In the one-hour talk with Uricaru in her office in Axinn, the fact that she is a professor dedicating a lot of of her time teaching two classes in one semester almost faded into the background. 

Finne Murphy ’19 is an English major taking Uricaru’s screenwriting class, and she appreciates how hard she pushes students to make their screenplays even better. Murphy, not unlike Uricaru, grew up with a writer father.

“[My father] has a MFA in screenwriting, so my whole life he has been writing scripts. I grew up learning it, but I’ve always wanted to write fiction,” Murphy said. “But since being in this class, I kind of wish I was a Film and English double major, or that I had started this sooner.”

This is now Uricaru’s seventh year at Middlebury — producing “Lemonade” took eight.
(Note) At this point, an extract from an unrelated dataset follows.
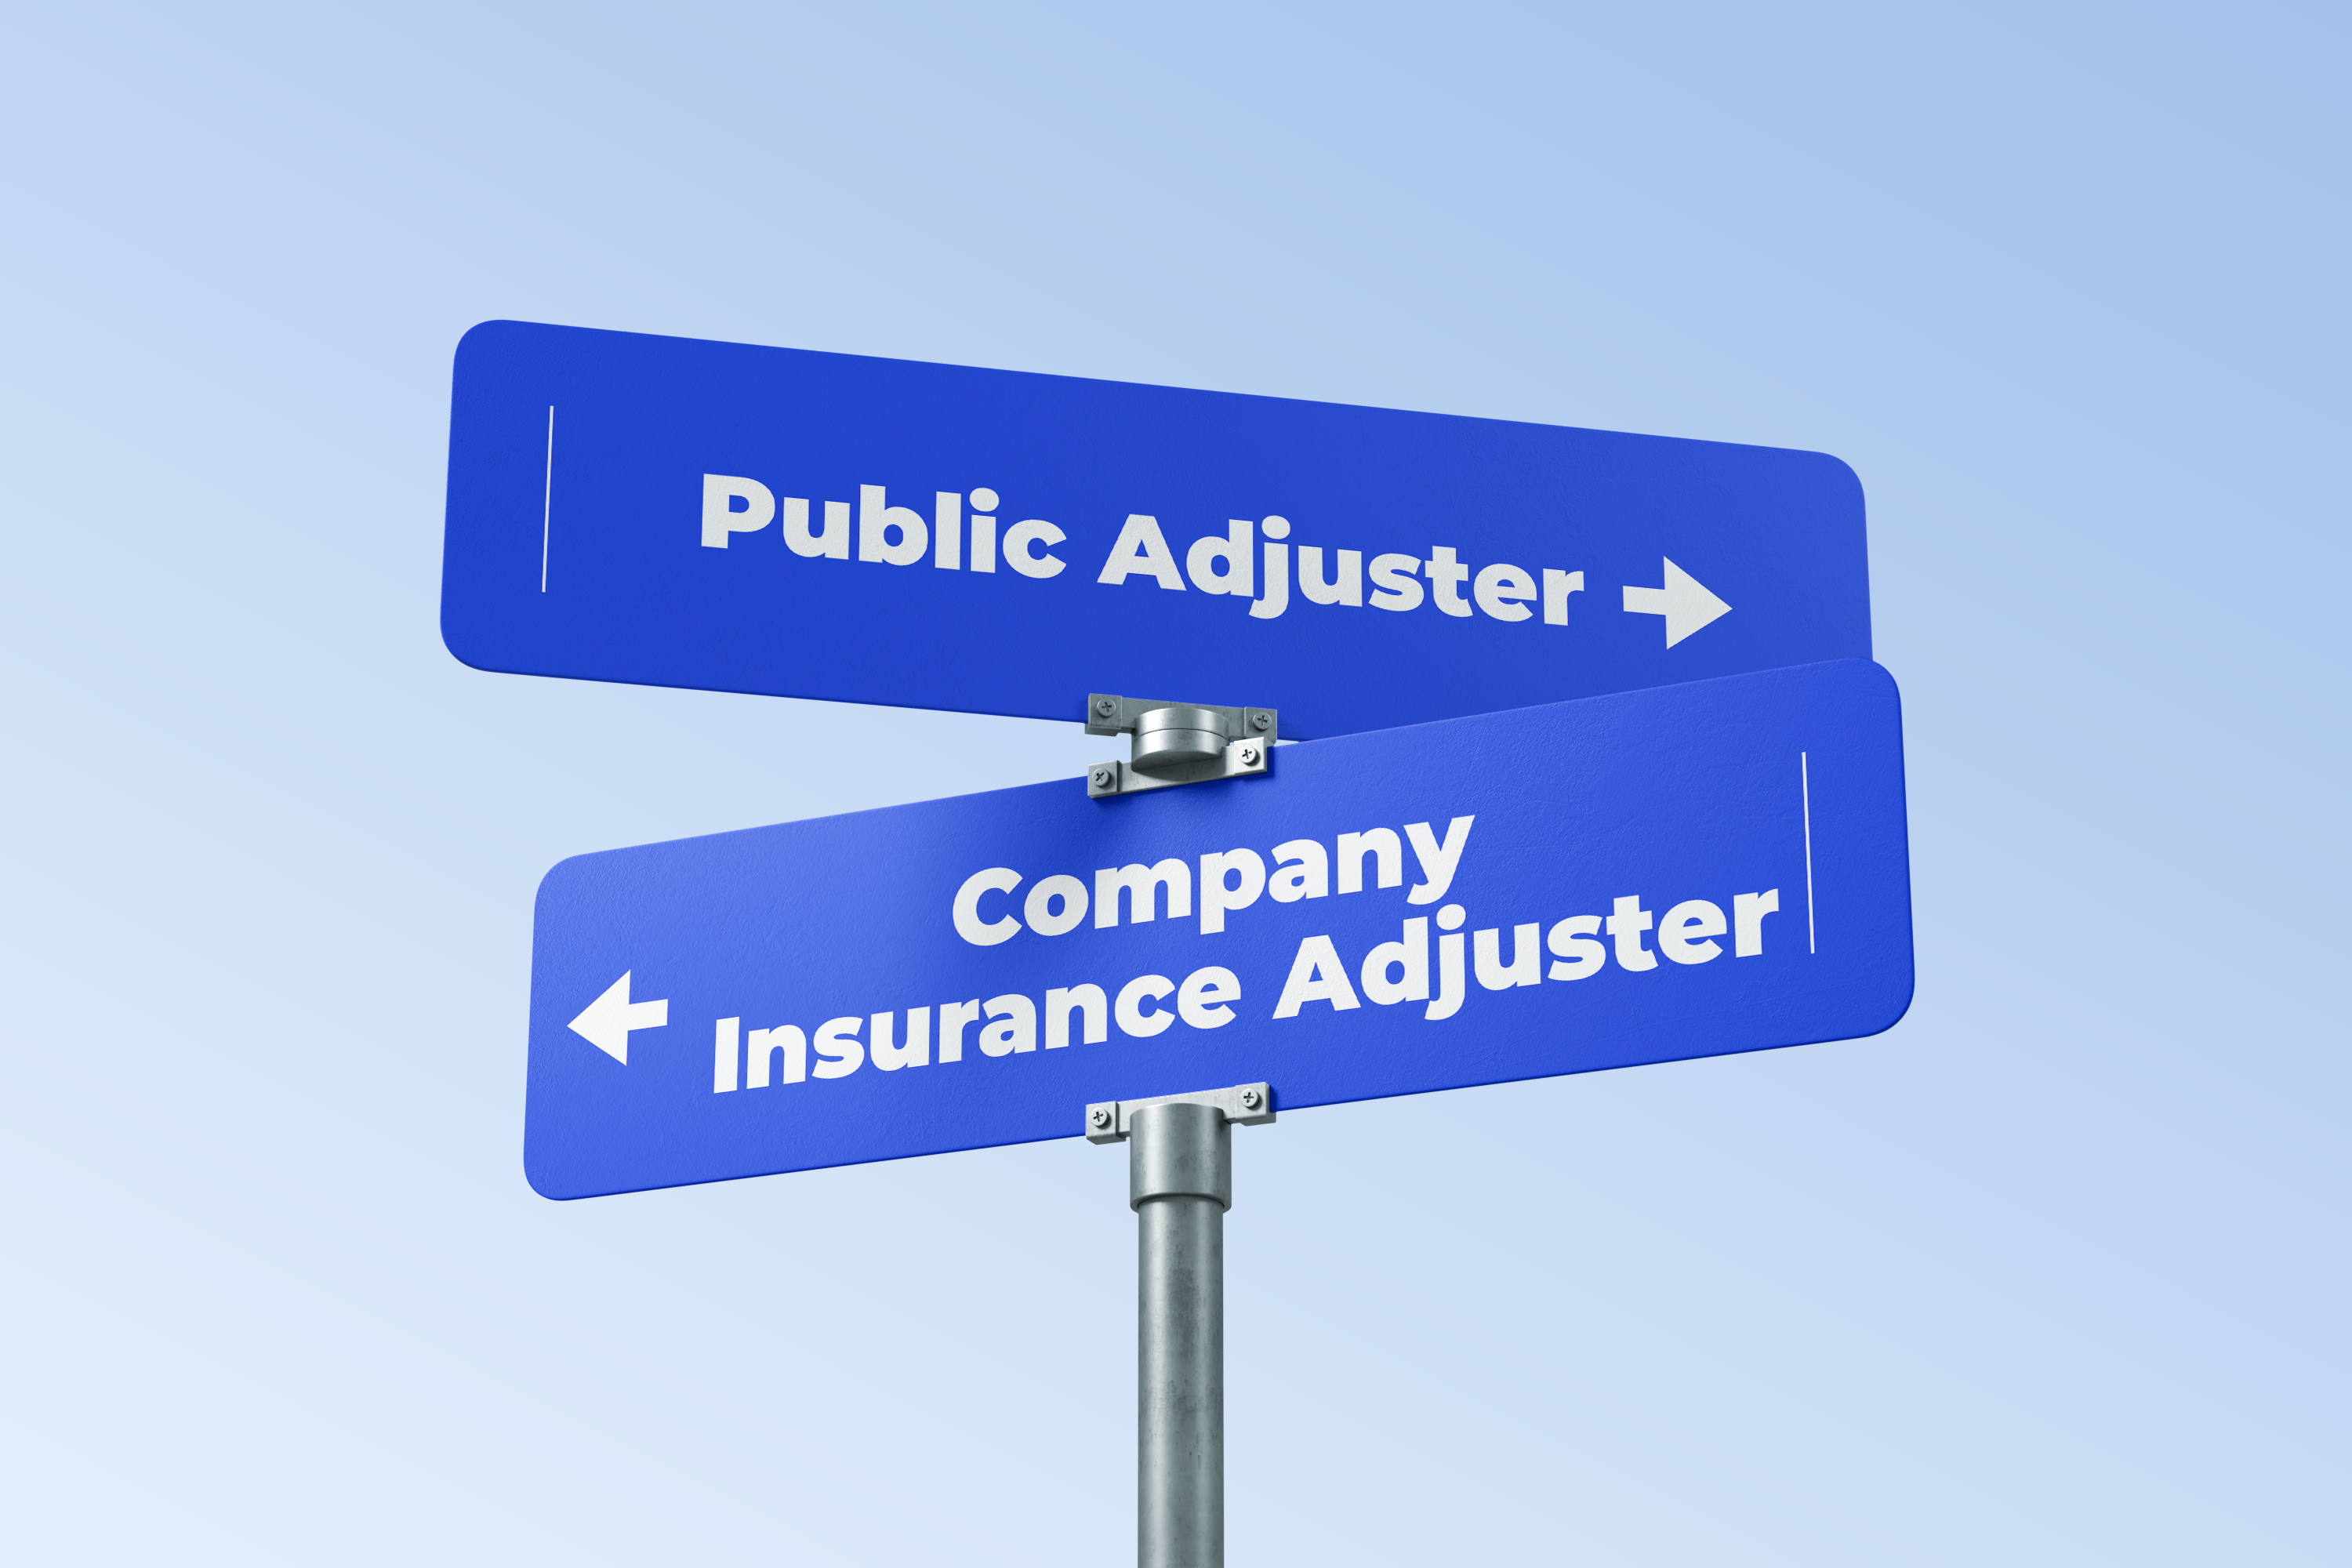 The Difference between Public Adjuster versus Company Insurance Adjuster

She shot the film in Canada during her year on sabbatical and completed the post-production while teaching, flying to Europe during one semester, Thanksgiving and winter breaks. 

After its Canadian premiere in Montreal (where it was also shot) this week and before its Romanian premiere next week, “Lemonade” will reach Middlebury audiences as well. The film will be screened this Saturday as part of the Hirschfield International Film Series. Uricaru and Mălina Manovici, who plays the film’s protagonist, will be in attendance for discussion after each screening. The film will also be shown in Burlington on Oct. 18 at the Vermont International Film Festival.

Editor’s note: Finne Murphy is an Arts & Academics editor.